Is Calabria home to Italy's hottest food?

In both senses of the notion, it's a big "si". Calabrian food can be spicy, but it's certainly having a moment. Its local champion is Melbourne chef Riccardo Momesso. and at his Toorak restaurant, Valentino, he crafts rustic, wholesome Italian cooking, closely linked to the seasons but reflective of its place in Australia.

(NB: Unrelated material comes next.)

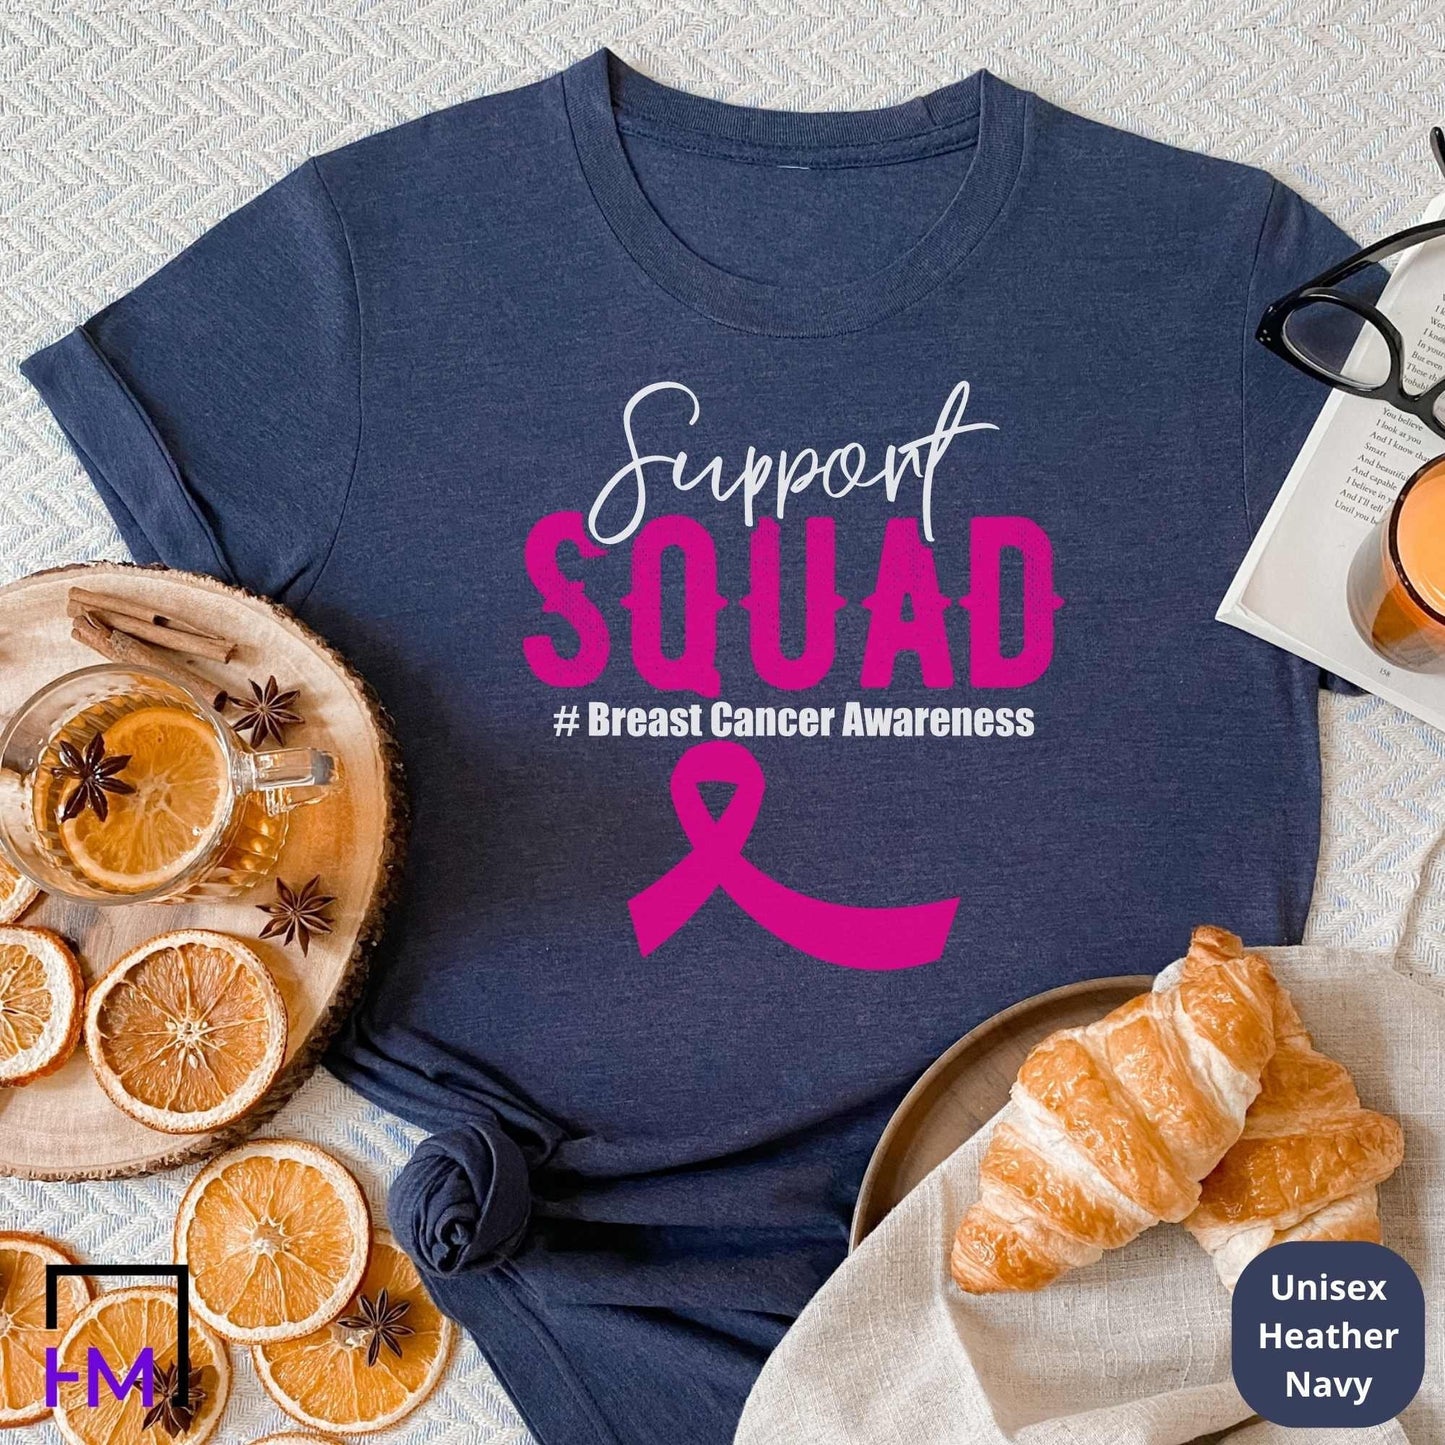 Support Squad Fight Cancer T-shirt, World Cancer Awareness Gift, Breast Cancer Ribbon, Survivor Sweater, Cancer in Every Color Sweatshirt HMDesignStudioUS

"Momesso's family background is Calabrese," says GT's Melbourne editor Michael Harden, "and his restaurant reflects not just these Italian roots, but also the kind of food his mum used to cook when he was growing up on a farm in Broadmeadows, Victoria."

It's the kind of approachable, laid-back cooking we can't get enough of, so we've joined with Momesso and team to host a Calabrian-accented reader dinner to celebrate this Italian issue. Expect a southern Italian feast featuring filei pasta with a baccalà and borlotti sauce, Calabrian anchovy doughnuts, or zeppole, and braised goat with hot peppers and sautéed chicory.

So join us on 30 March for fantastic food, wine and Calabrian hospitality. There'll be matching vino, still and sparkling waters courtesy of our friends at Fine Dining Lovers and $10 from each ticket will be donated to the Ovarian Cancer Research Foundation, a most worthy cause. See you there, folks.

Join us for dinner at 6.45pm for 7pm on Monday 30 March at Valentino, 517 Malvern Rd, Hawksburn, Vic. The cost of $130 per person includes Sanpellegrino waters, wines by the glass and a $10 donation to the Ovarian Cancer Research Foundation. To book, call (03) 9826 8815. For more information on the OCRF, call 1300 OVARIAN or visit the OCRF website.

Valentino menu
* Anchovy zeppole
Spritz Calabrese (Cinzano Bianco, prosecco, San Pellegrino Mandarino)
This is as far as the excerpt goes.